Re: [HTCondor-users] net topology





On 30/05/17 10:28, lejeczek wrote:


On 26/05/17 16:03, Todd Tannenbaum wrote:
On 5/26/2017 6:20 AM, lejeczek wrote:
hi everybody

like earlier, a newbie here, trying to grasp all those concepts condor (may)offer.
Question:
Can a pool be configured with a central manager(s - in HA setup) where only the central manager(s) would be submitting and the rest of the pool would be on different subnet.

You probably envision easily what I'm asking: HA managers(10.0.0.0 users see) then the rest 10.1.0.0 users don't and submit only via c. managers' 10.0.0.x.
Would such a setup work and by allowed by the design?

m.! tahnks
L.

Not quite sure what you want from the above, but I think perhaps you have missed an important point re the architecture of an HTCondor pool.

In an HTCondor pool, there is:
1. one central manager (CM), and one or more optional backup CMs if you bother with the HA setup.
  2. one or more submit machines.
  3. one or more execute machines.

Any machine can serve one, two, or all the of the above three roles simply based on what daemons are listed in DAEMON_LIST. Your central manager(s) do NOT have to be the same as your submit machines.
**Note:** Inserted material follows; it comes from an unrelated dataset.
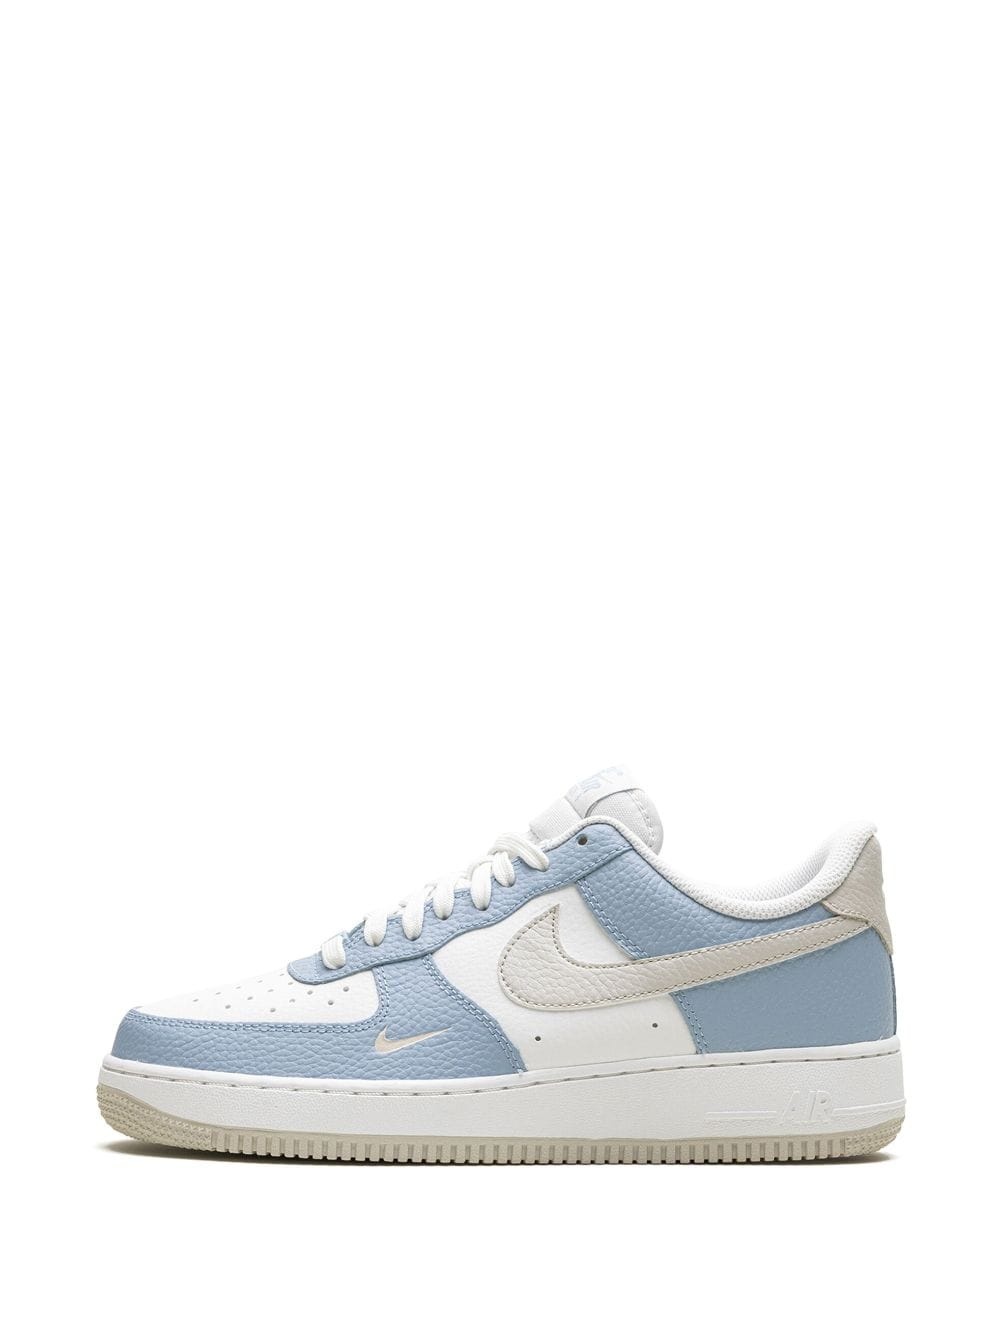 Air Force '07 "Baby Blue" sneakers - 6
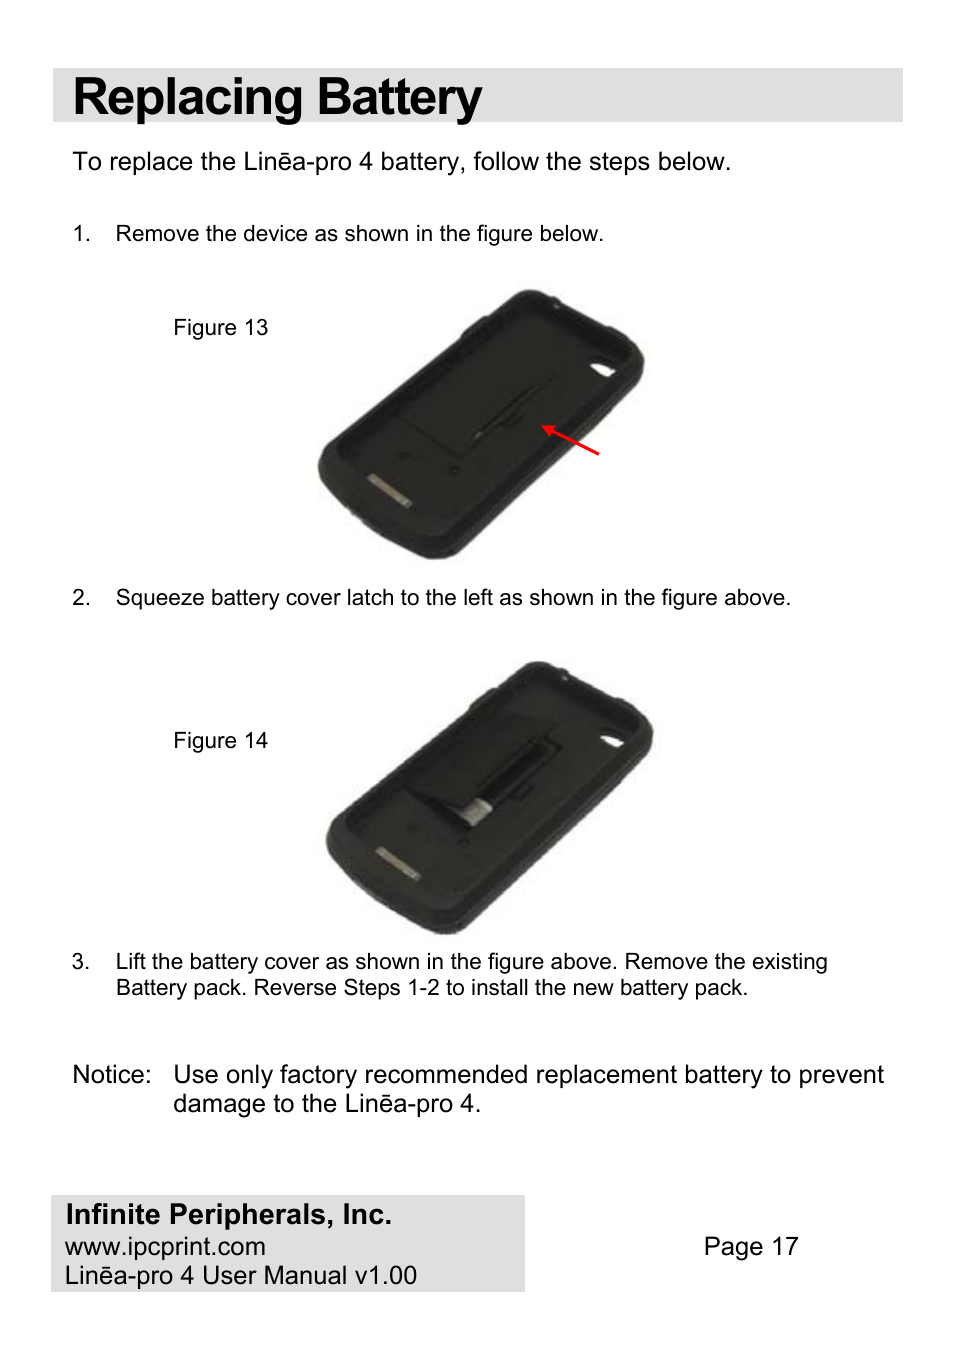 Replacing battery | Infinite Peripherals PRO 4 User Manual | Page 17 / 24

Any machine in the pool that runs the "condor_schedd" daemon can act as a submit machine, just by adding SCHEDD to the DAEMON_LIST config knob. Esp for larger pools, it is a good idea to have dedicated machine(s) for each role: one central manager, one or submit machines, one or more execute machines. You can have as many submit machines as you want; here at UW, we have a pool with 1 central manager, ~500 execute machines, and 80+ submit machines, as we have many submit machines that are embedded within various research labs that only have logins for the researchers in that lab. Meanwhile our central manager is located in the centralized IT data center. If one of the 80+ submit machines goes down, only the jobs submitted on that one submit machine are impacted; all the other submit machine continue to operate as normal. More details on this is at

http://research.cs.wisc.edu/htcondor/manual/v8.7/3_1Introduction.html#SECTION00411000000000000000

If you are asking "can I have a submit machine that is on two networks, a public network that users can access via ssh to login, and a private network that holds all my execute nodes and my central manager", the answer is yes.

Hope the above helps
Todd


I was asking because I did:

HA with two central manager with specific NETWORK_INTERFACE (on a subnet A) and then, a exec node (with only DAEMON_LIST = MASTER, STARTD) pointing to CONDOR_HOST = $(CENTRAL_MANAGER1),$(CENTRAL_MANAGER2) but different subnet, not CM's NETWORK_INTERFACE (a subnet B to which central managers are also connected).

And it works apparently, but I was worried as I could see in _status the exec node twice, affecting Total. That was soon after I started exec node but now after long weekend it seems condor corrected it somehow.
Why do you think it showed up twice?

many thanks.

mailman disabled my subscription, and I wonder if anybody replied.